The first listening model showed one inept and one clever employee, negotiating with their boss. The second showed a ten-year-old boy who tells a fib. In the first part his father questions him, driving him deeper and deeper into his untruth. In the second part his mother demonstrates how to make the boy aware of his naughtiness without provoking defiance. The third listening model showed the clumsy behavior of a man who asks his friend for money and gets turned down, followed by the skillful actions of someone else in the same situation.

“Hörmodelle,” GS, 4.2, 628. Translated by Jonathan Lutes.

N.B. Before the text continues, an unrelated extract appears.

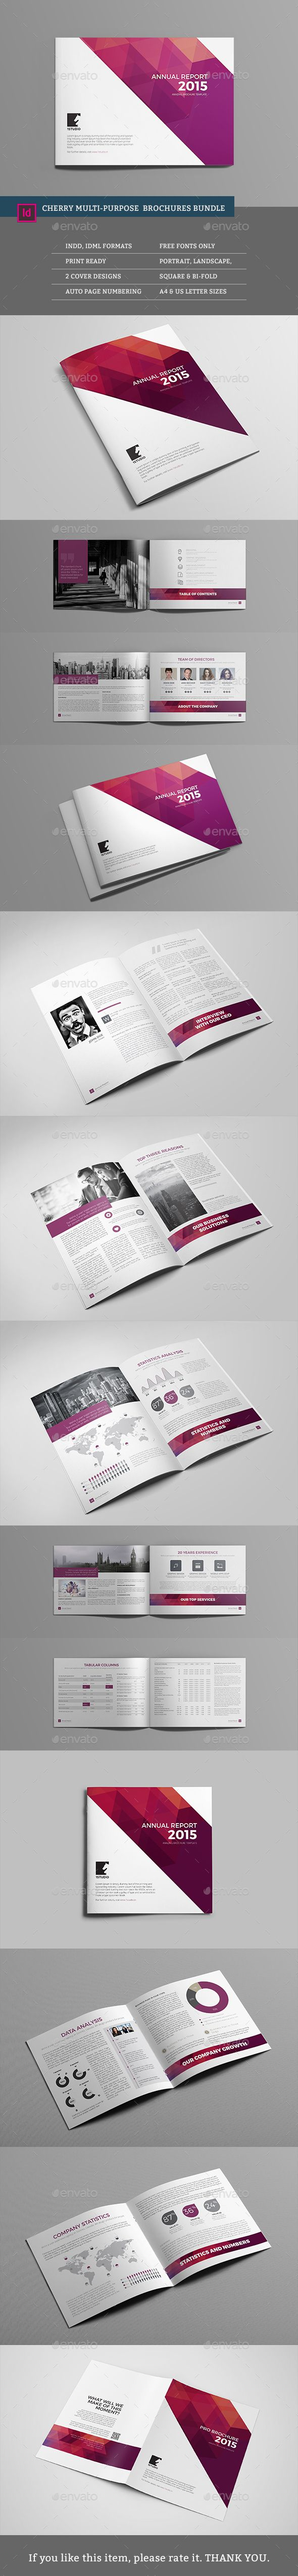 Bundle - Cherry Business Brochures Template PSD #design Download: http://graphicriver.net/item/bundle-cherry-business-brochures/14312736?ref=ksioks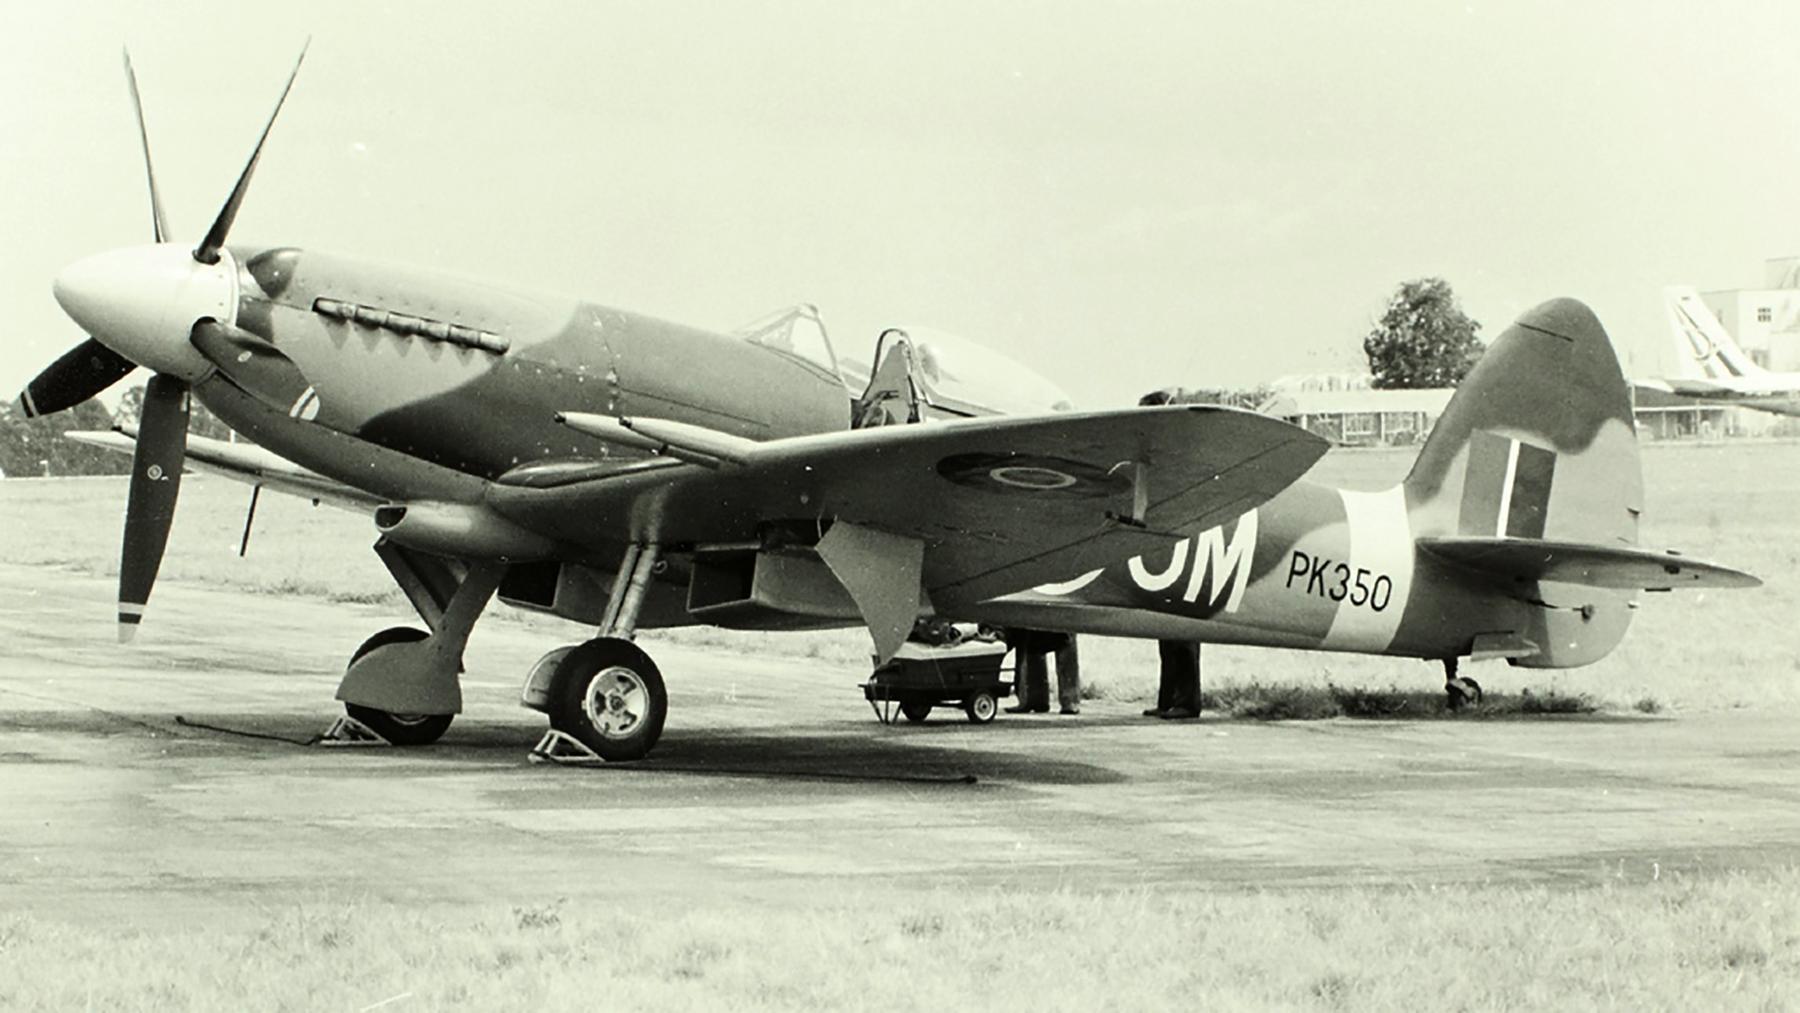 Spitfire F22 RAF JMM PK350 02

Unpublished during Benjamins lifetime. “Listening Models” was possibly written in early 1931, in conjunction with the broadcast of “A Pay Raise?!” Benjamin did produce at least one additional listening model, perhaps in collaboration with Wolf Zucker: a piece entitled “Frech wird der Junge auch noch!” [The Boy Is Getting Fresh, Too!], likely a version of the above-mentioned “The Boy Tells Nothing But Lies,” was broadcast from Frankfurt on July 1, 1931, and perhaps from Berlin as well (see editors’ notes in GS, 2.3, 1442; see also Schiller-Lerg, Walter Benjamin und der Rundfunk, 196–7, 213–16).

Appendix: Walter Benjamin’s Radio Broadcasts

The Appendix, a chronological presentation of Benjamin’s known broadcasts and, where possible, their titles, is intended to provide the reader with an overall sense of the scale and timing of Benjamin’s broadcast output. It is indebted to Sabine Schiller-Lerg’s seminal study, Walter Benjamin und der Rundfunk (see in particular her chronological listing of the broadcasts, pp. 530–2; for programming categories, see especially pp. 540–1), as well as to the editors’ notes to Benjamin’s Gesammelte Schriften. Both of these sources provide detailed information concerning the archival status, dating, and location of Benjamin’s broadcasts. Where indicated, the information comes from another source.

Below the individual translations in this volume, we have provided further information, where available, concerning the archival sources from which the dates of broadcast have been determined. There, where possible, we also indicate the length and time of the broadcasts.

For broadcasts that are translated and included in Radio Benjamin, the reader is referred to this volume. For broadcasts that do not appear in this volume but that have been translated elsewhere, the reader is referred to the relevant translation. For broadcasts that do not appear in this volume and, as far as we know, have not been translated elsewhere, the reader is referred to the relevant pages in the Gesammelte Schriften. In the last instance, the titles appear first in German, with a translation provided in brackets.

A word on the “lost or missing” broadcasts: these are known to have taken place in the sense that other archival traces, including announcements in radio journals such as the Berlin station’s Funkstunde or the Frankfurt station’s Südwestdeutsche Rundfunk-Zeitung, testify to the fact. These broadcast-events, for which there is no remaining typescript of the material in its broadcast form, fall into at least two categories: broadcasts for which there is no related, surviving “textual witness” to the broadcast material, in other words no existing material other than the mention of the broadcast in a radio journal or in Benjamin’s other broadcasts, letters, or other work; and broadcasts for which there exist other, related versions of the material, such as print versions published elsewhere by Benjamin. For the latter category, we refer the reader to the relevant pages of the related material in the Gesammelte Schriften, and, where possible, relevant translations of the related texts.